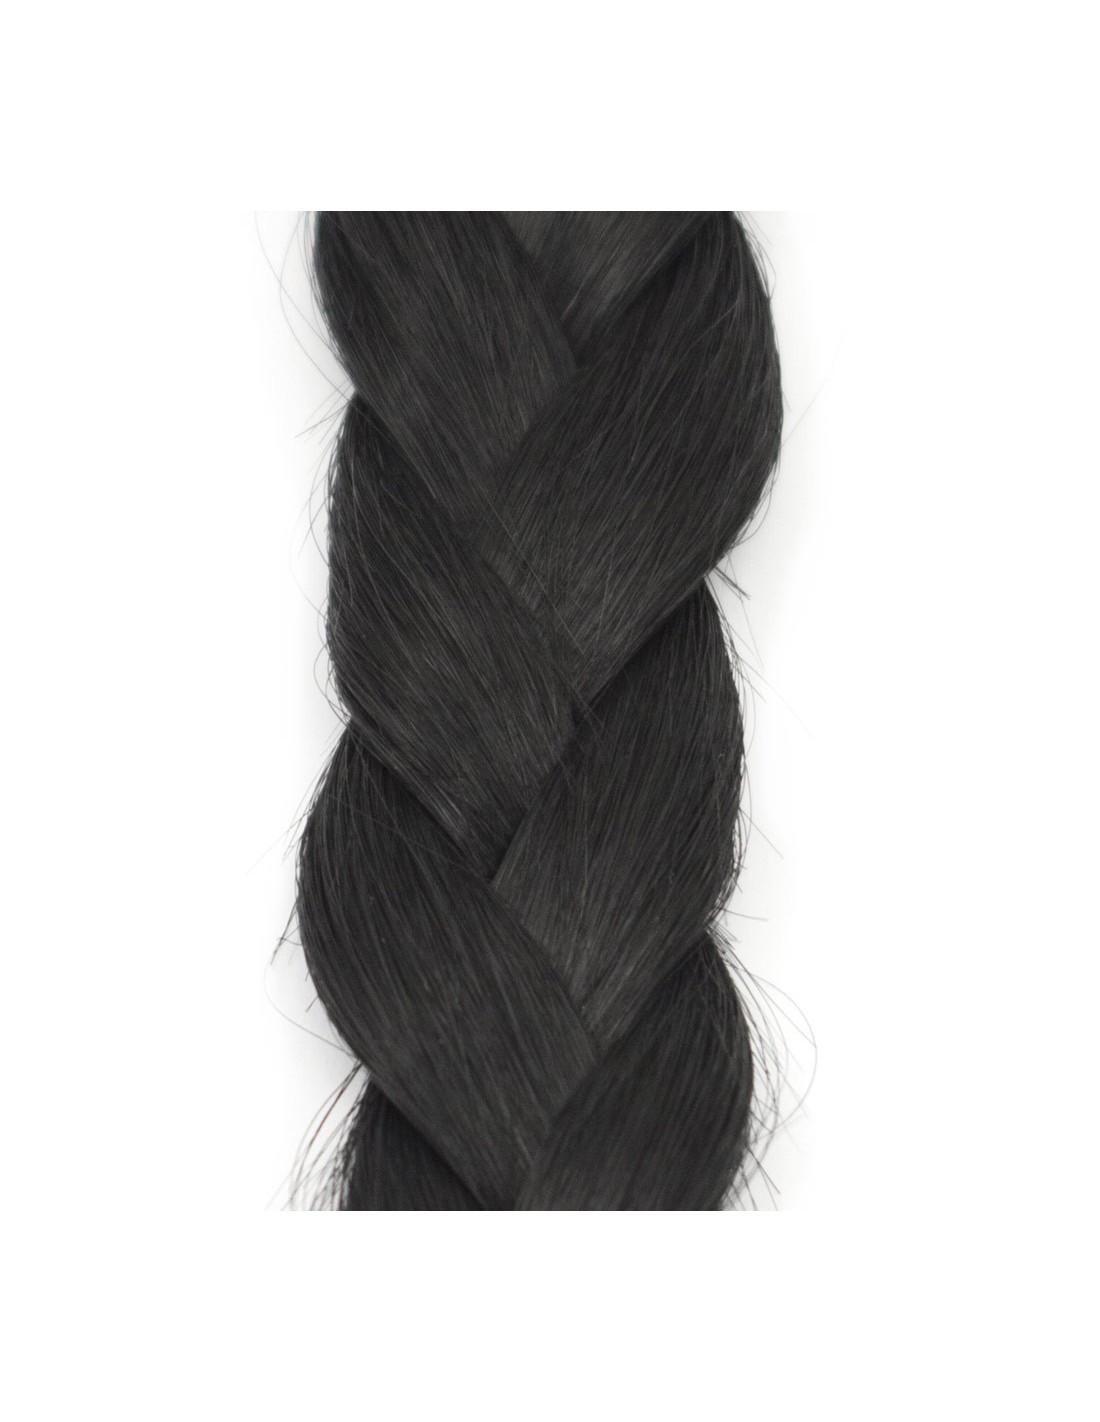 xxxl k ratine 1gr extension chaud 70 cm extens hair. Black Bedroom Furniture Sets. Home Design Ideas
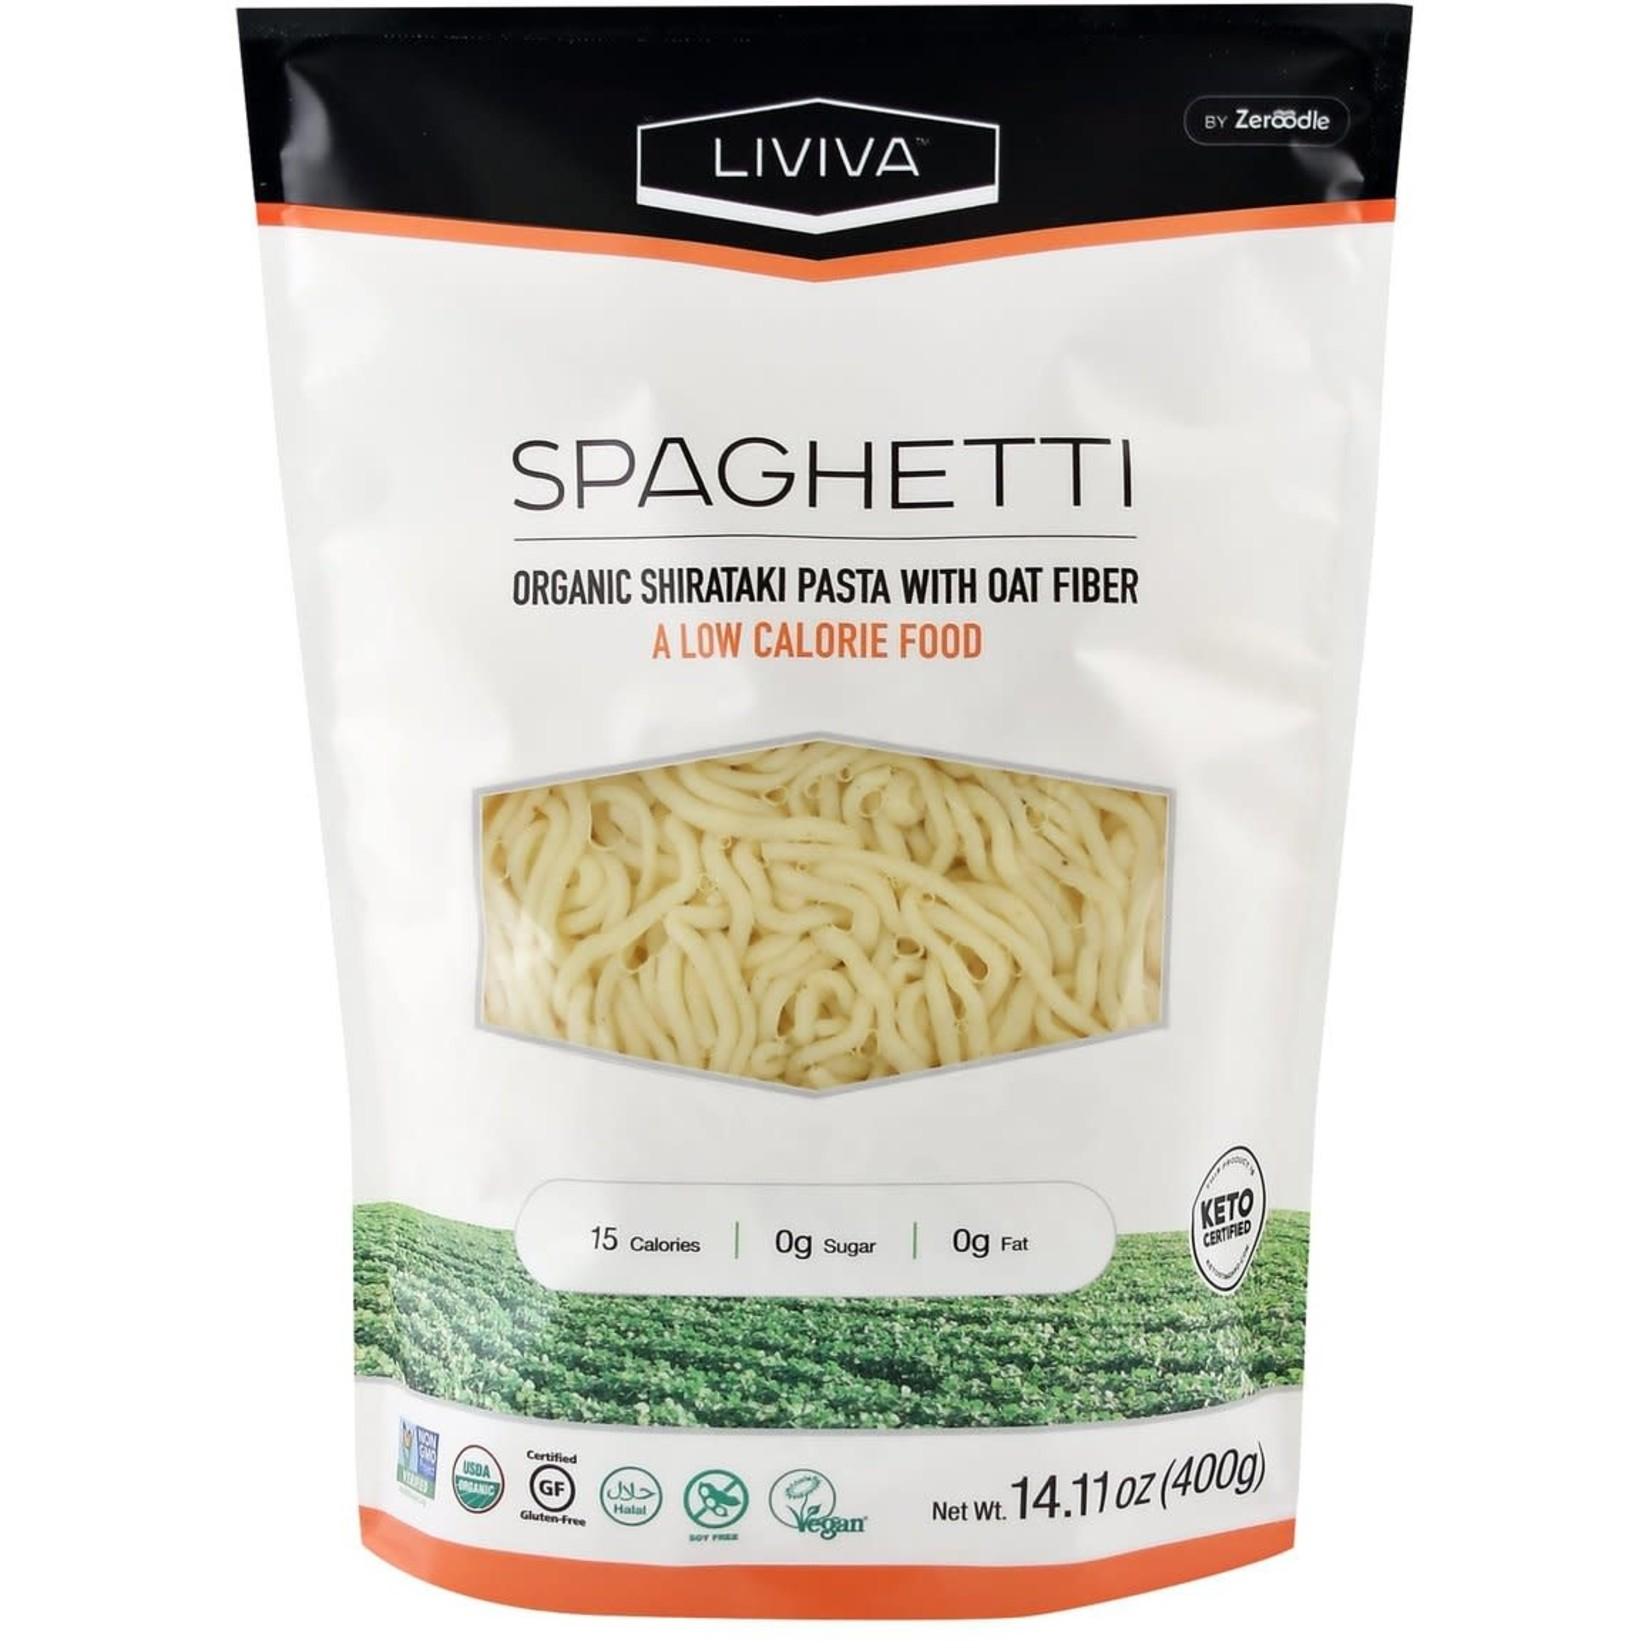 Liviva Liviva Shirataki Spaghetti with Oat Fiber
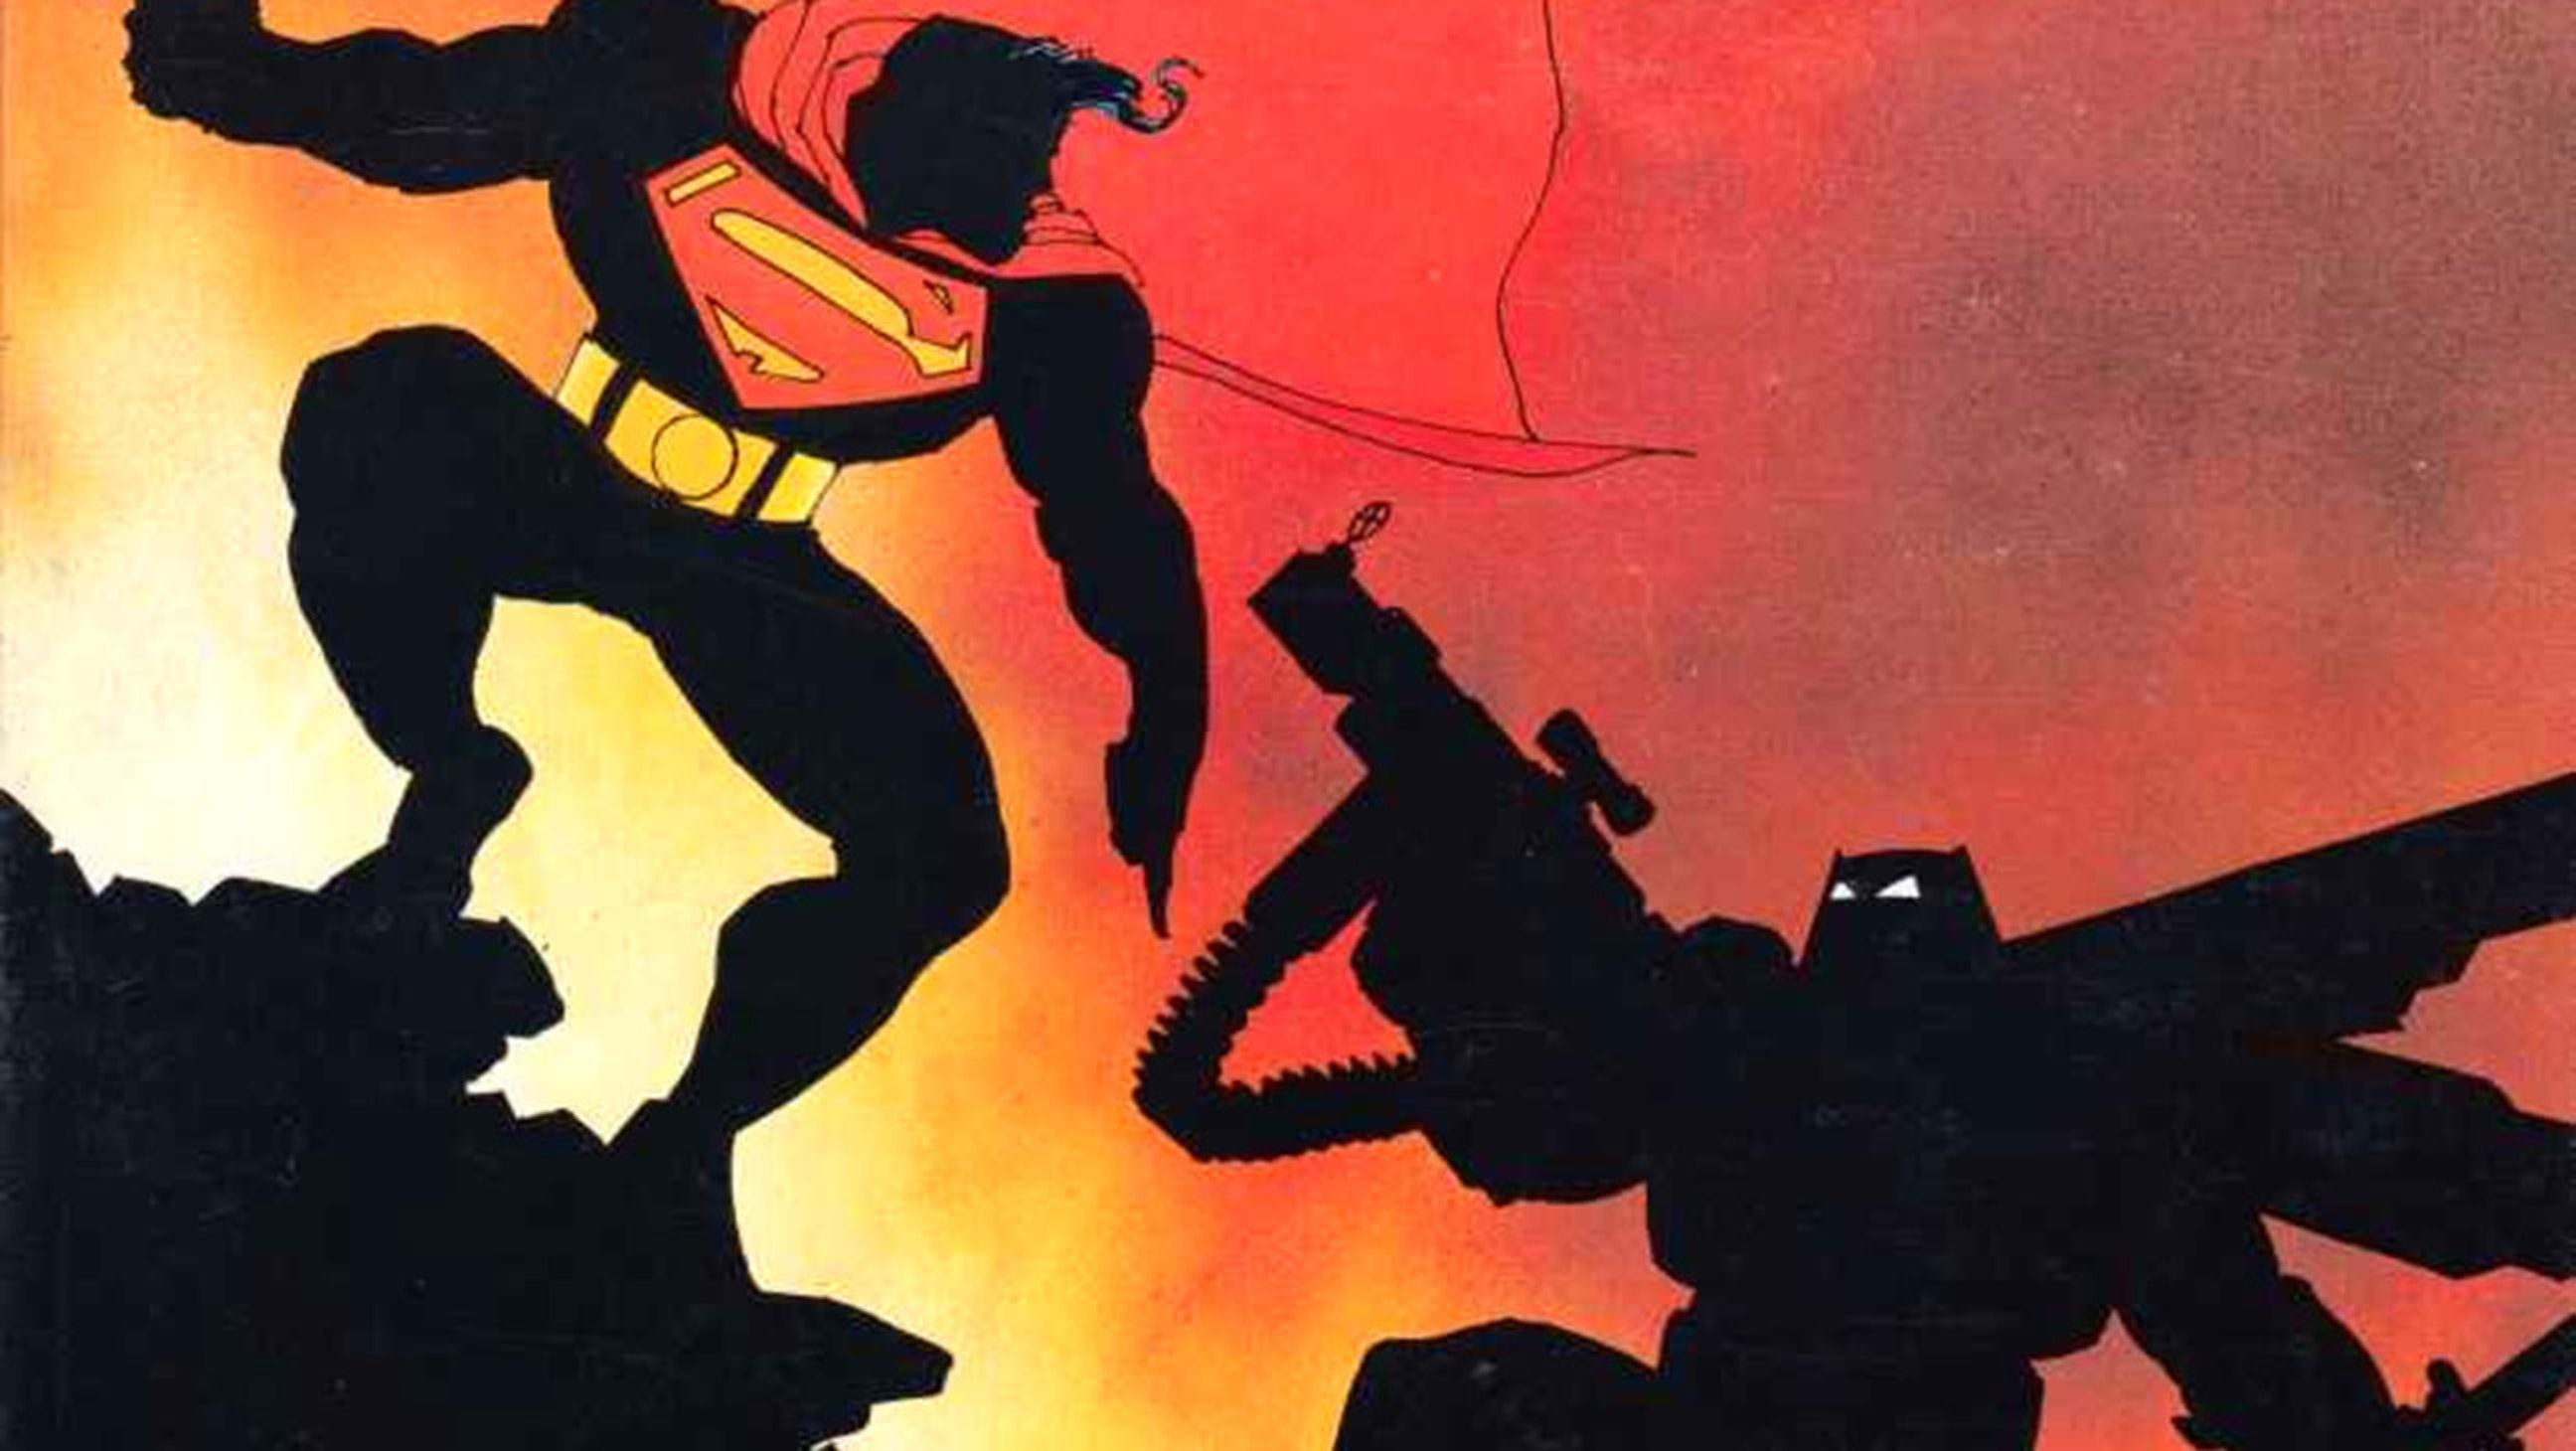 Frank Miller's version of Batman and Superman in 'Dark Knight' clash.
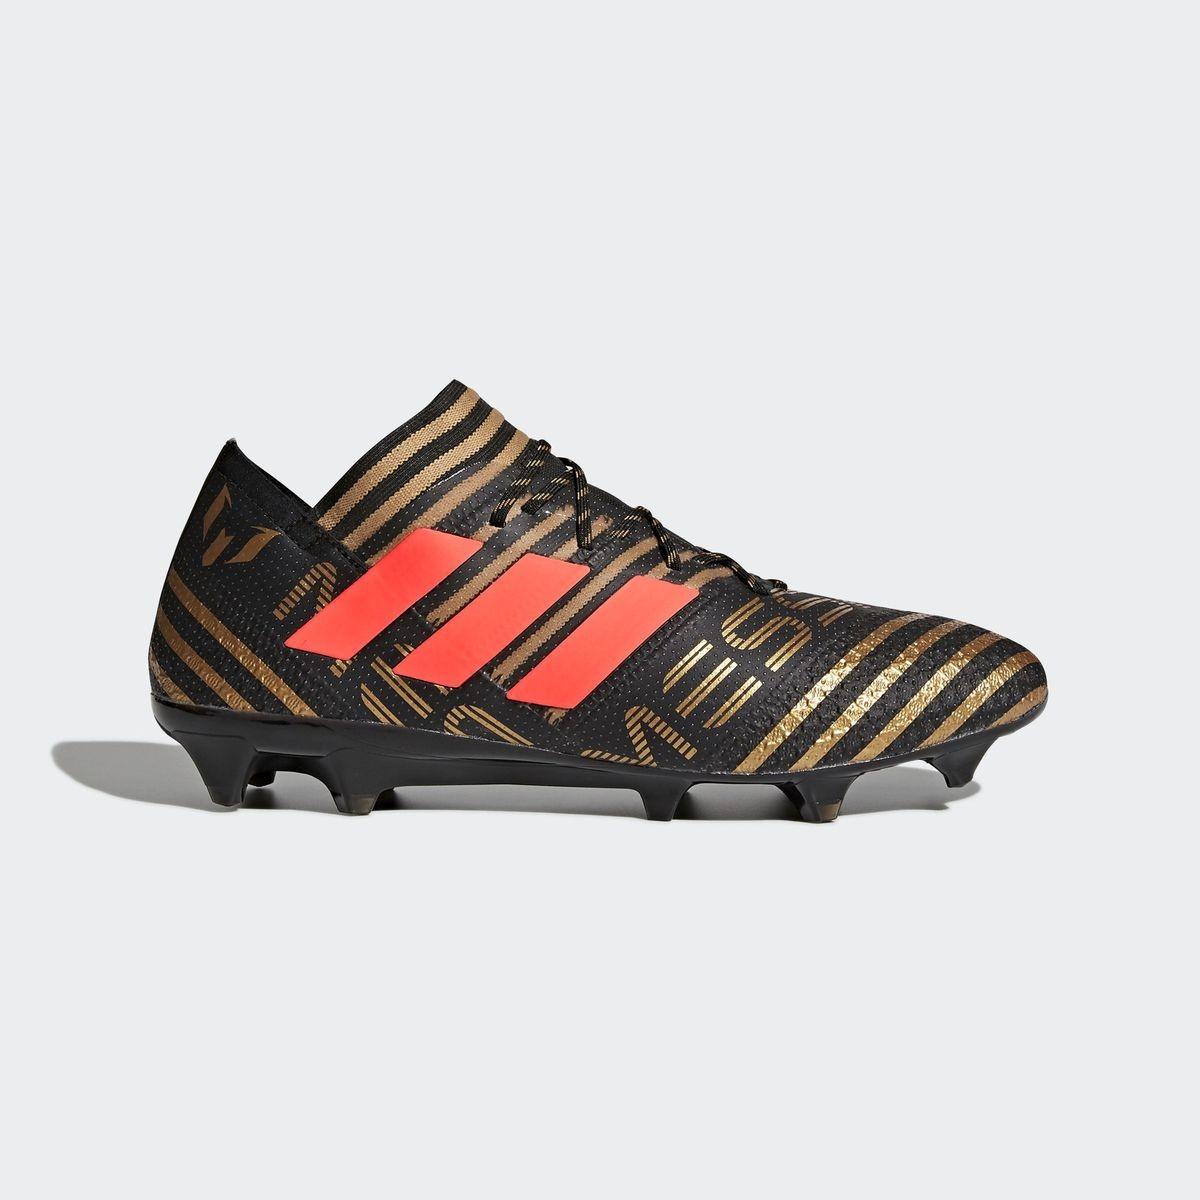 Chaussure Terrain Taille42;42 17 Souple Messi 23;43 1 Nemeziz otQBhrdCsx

..........

Going from the line with "Liviva Liviva Shirataki" to the last line of the listing, write out each line exactly and nothing else. Leave out all pictures.

PROBLEM SOLUTION:
 Liviva Liviva Shirataki Spaghetti with Oat Fiber
 Frank Miller's version of Batman and Superman in 'Dark Knight' clash.
 Chaussure Terrain Taille42;42 17 Souple Messi 23;43 1 Nemeziz otQBhrdCsx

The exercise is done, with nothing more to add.